2.5. CBX3 May Be Involved in the Regulation of G2/M Transition of PAAD Cells
The Cyclin dependent kinase 1 (CDK1) is an important regulator of cell cycle transition, where it forms a regulatory element with Cyclin B1 during the progression from G2 phase to M phase [18]. CDK1 overexpression has been documented in various kinds of human cancers, and was found to be correlated with rapid progression of tumor [19,20,21,22]. The proliferating cell nuclear antigen (PCNA) is a facilitative element during DNA synthesis during the proliferation and spreading of tumor cells [23]. To further understand of role and regulation of CBX3, we first examined the expression of CDK1 and PCNA in CBX3-overexpressing PAAD cells.
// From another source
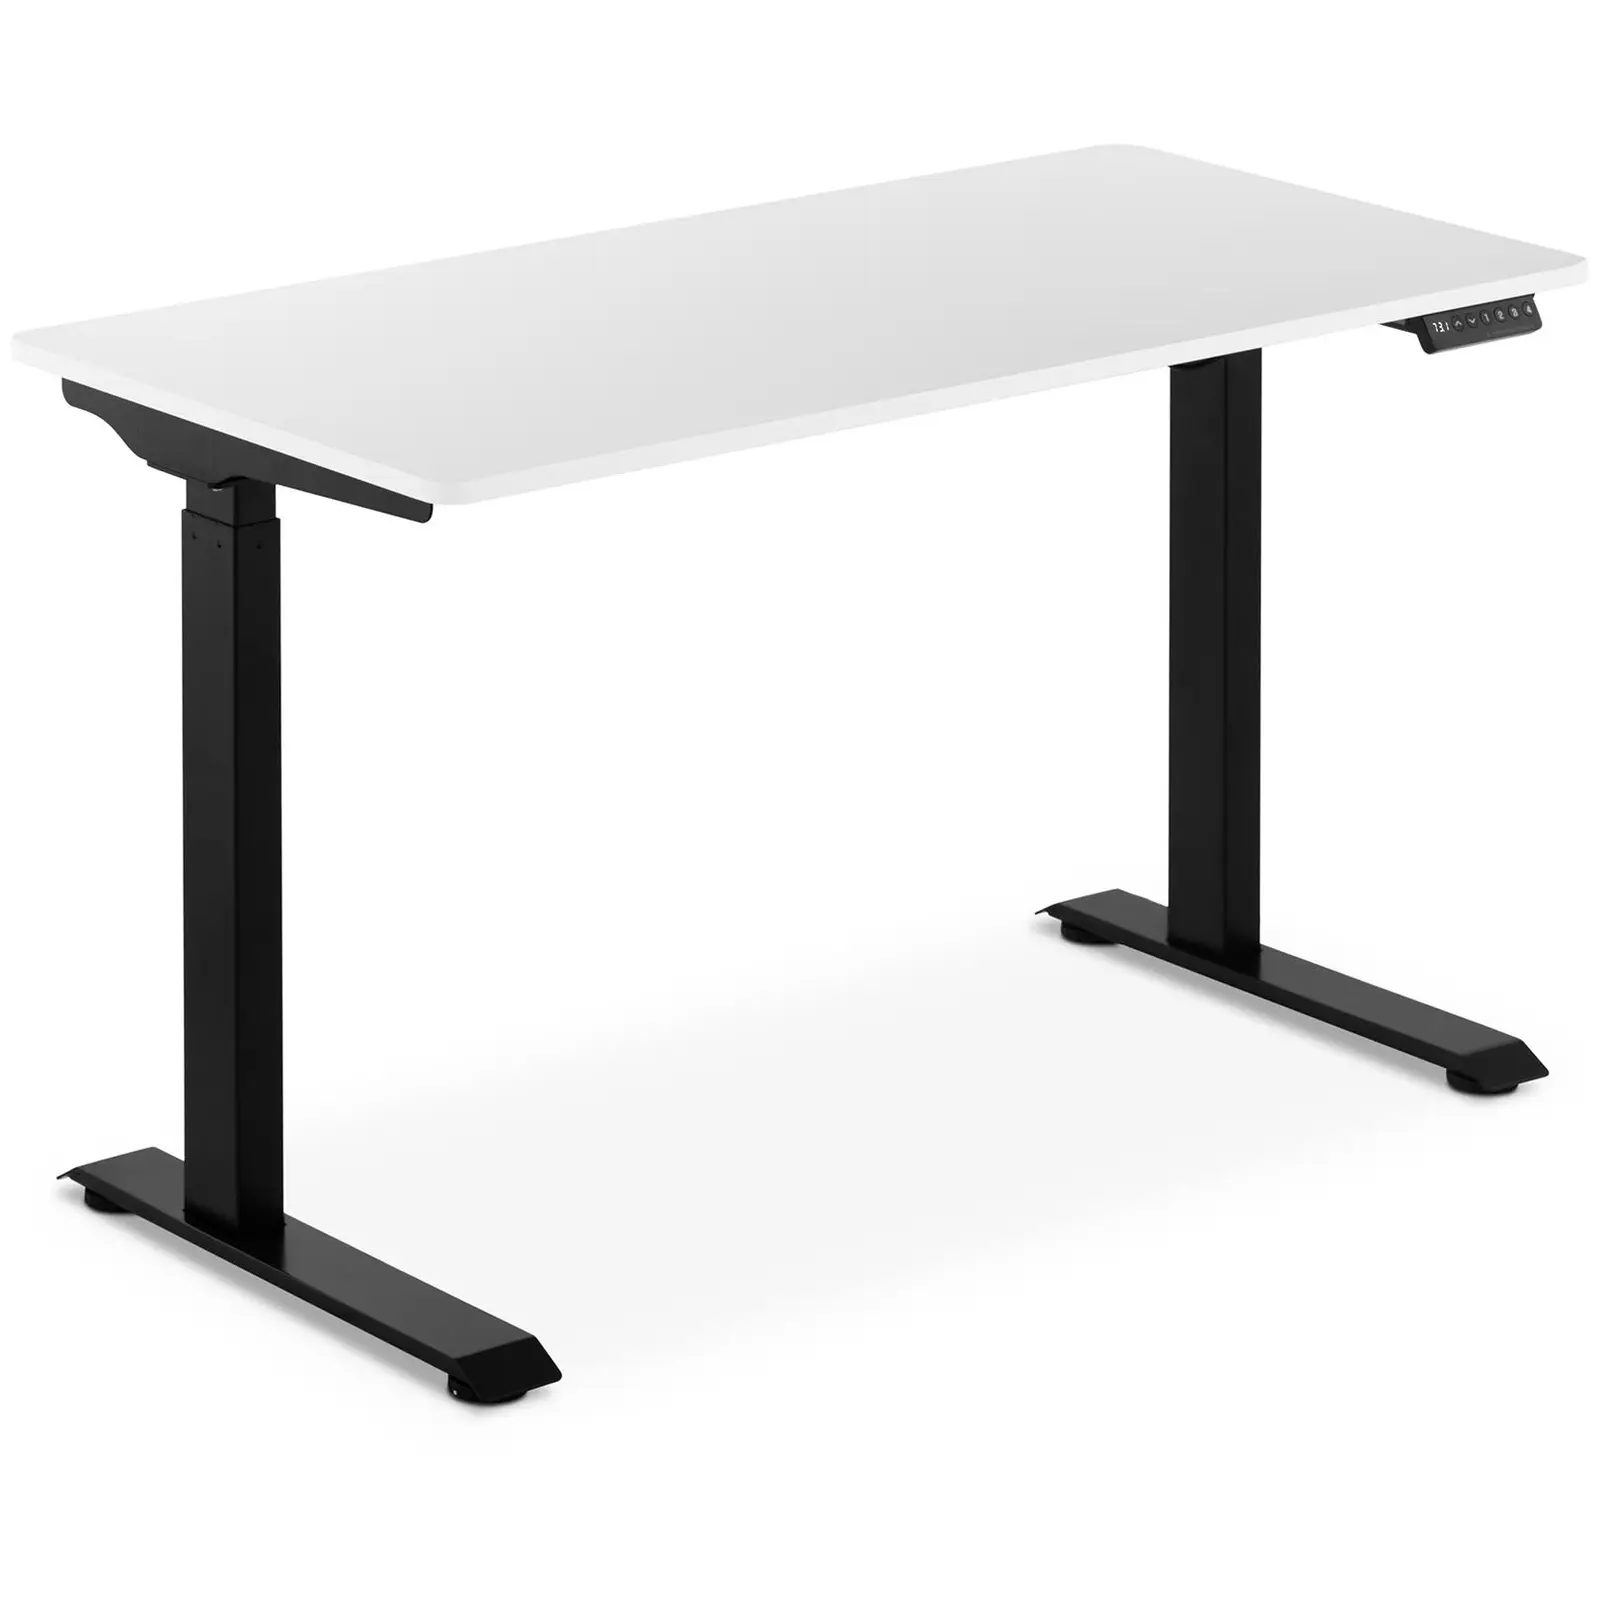 Höj- och sänkbart skrivbord - 90 W - 730-1233 mm - Vit/svart

It was observed that upon induction of CBX3, CDK1 and PCNA were elevated (Figure 5a), which was consistent with their clinical patterns. The increased mRNA of CDK1 and PCNA in CBX3-overexpressing PAAD cells resulted in an induction of both proteins (Figure 5b). To further identify the functional role of CBX3 in cell cycle progression, especially CDK1-associated G2/M transition, we performed cell cycle analysis on KP3L/CBX3 cells. Cells were pretreated with Ro-3306, a CDK1 inhibitor. Treatment of Ro-3306 resulted in halt of cell cycle at G2 phase (Figure 5c). Ro-3306 was then withdrawn to release the cell cycle. It was found that CBX3 overexpression can proceed a higher transition from G2 phase after Ro-3306 withdrawal. Compared with KP3L/WT cells, KP3L/CBX3 had lower portion of cells staying at G2 phase (Figure 5c). Furthermore, CBX3 overexpression increase the mitotic index of KP3L cells after release, indicating a faster dividing and expansion of CBX3-overexpressing KP3L cells. These finding suggested that CBX3 may mediate a CDK1-associated cell cycle progression in PAAD cells.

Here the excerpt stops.